The drive train 112 may include any number of intermediate
components between the drill bit 114 and the motor 110 so long as
the torque from the motor 110 is transferred to the drill bit
114.
[0026] The drive train 112 may be configured to continuously
transfer torque to the drill bit 114 when the motor 110 is rotating
in an embodiment. Further, the drive train 112 may be configured to
selectively transfer rotation to the bent housing 116, as will be
described in more detail below. In an alternative embodiment, the
drive train 112 may be configured to selectively disengage from the
motor 110, and/or the drill bit 114 in order to halt drilling
operations if necessary.
[0027] The drill bit 114 may be any tool configured to remove rock,
soil, sand, and like while boring the wellbore 100. The drill bit
114 may be any suitable type of drill bit including, but not
limited to, a roller cone bit, a polycrystialline diamond compact
(PDC) drill bit, a coring bit, a drag bit and the like.

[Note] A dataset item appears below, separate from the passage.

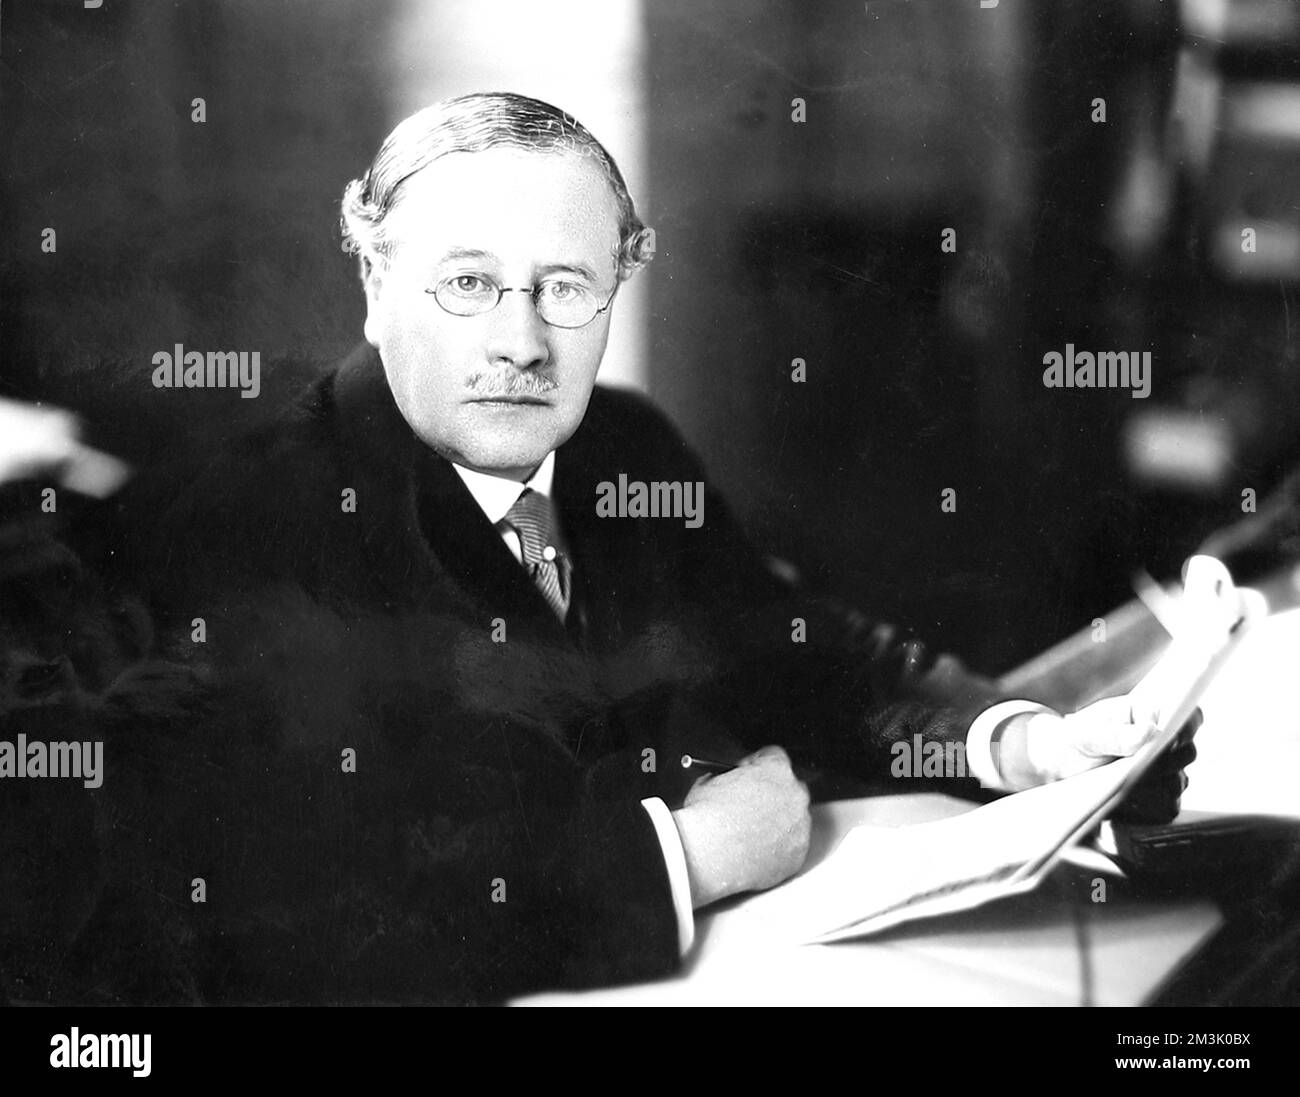 Photograph of Sir Kingsley Wood, the Conservative MP, who sat in the House of Commons between 1918 and 1943.  As Chancellor of the Exchequer, between 1940 and 1943, he devised the pay-as-you-earn income tax system.     Date: 1800 Stock Photo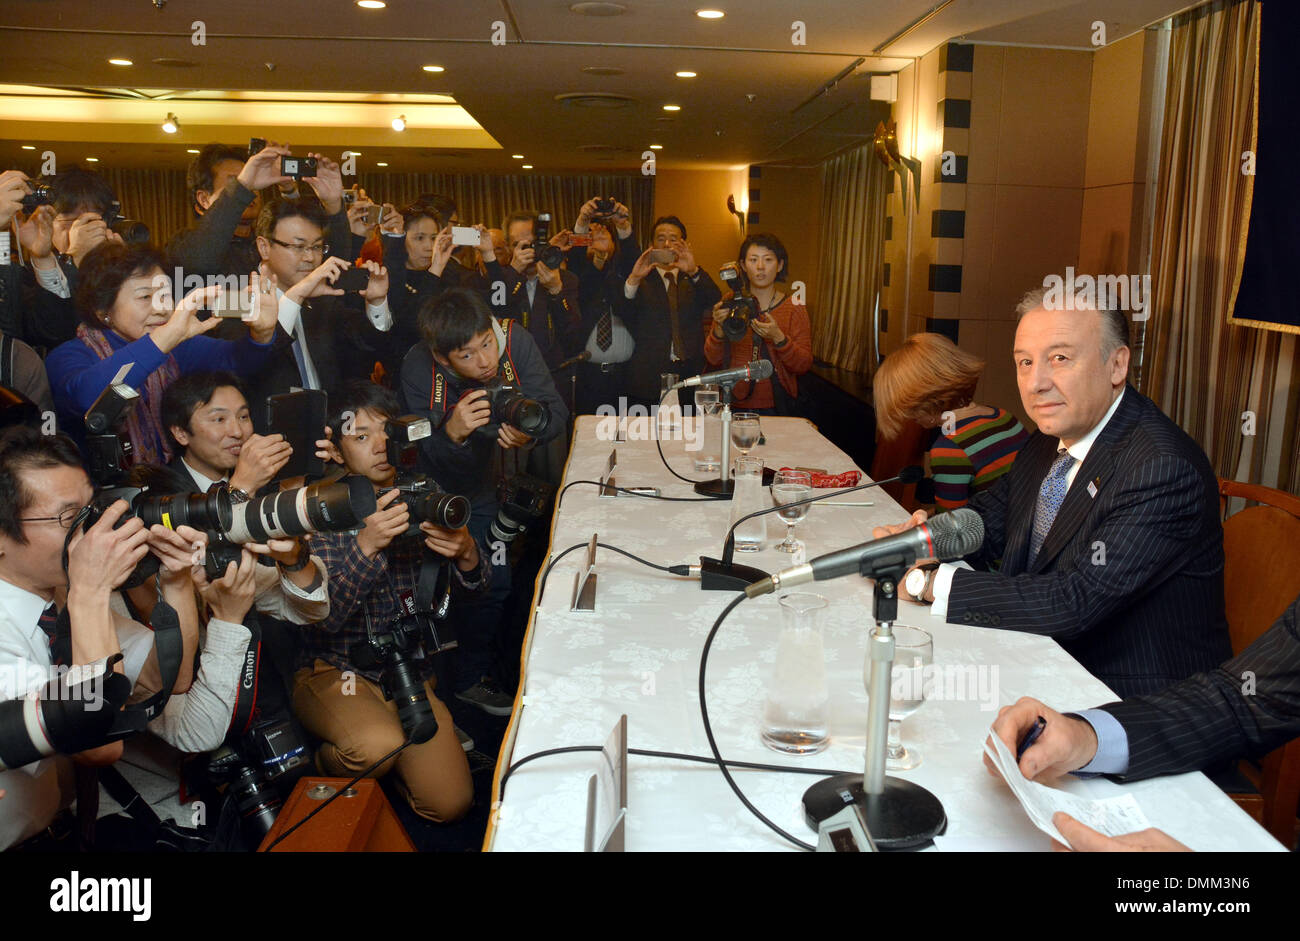 Tokyo, Japan. 16th Dec, 2013. Alberto Zaccheroni, right, the Italian head coach of japan's national football team, faces a battery of photographers at the start of a news conference at Tokyo's Foreign Correspondents' Club of Japan on Monday, December 16, 2013. Zaccheroni and his 11 in the Samurai Blue will meet Ivory Coast, Colombia and Greece in the 2014 FIFA World Cup elimination round slated for June in Brazil. Credit:  Natsuki Sakai/AFLO/Alamy Live News Stock Photo

[0028] The bent housing 116 may be configured to direct the path of
the wellbore 100 during directional drilling operations. The bent
housing 116 typically has a slight angled bend .THETA.. When the
bent housing 116 is held in a rotationally stationary position the
wellbore 100 will be drilled at a slight angle, from the direction
of the conveyance 106. Thus, as drilling is continued with the bent
housing 116 in one rotational position, the wellbore 100 will be
directed, or deviated, in one direction. To drill in another
direction, the bent housing 116 may be rotated relative to the
longitudinal axis of the conveyance 106 to a second position. The
operator may then drill in the second direction in a similar manner
as described above. To drill in a substantially straight line, the
bent housing 116 may be rotated while rotating the drill bit 114,
thereby continuously changing the direction the drill bit 114
drills. The continuous directional change of the drill bit 114
causes the drill bit 114 to bore, or drill out, a larger diameter
wellbore corresponding to the rotation of the bent housing 116.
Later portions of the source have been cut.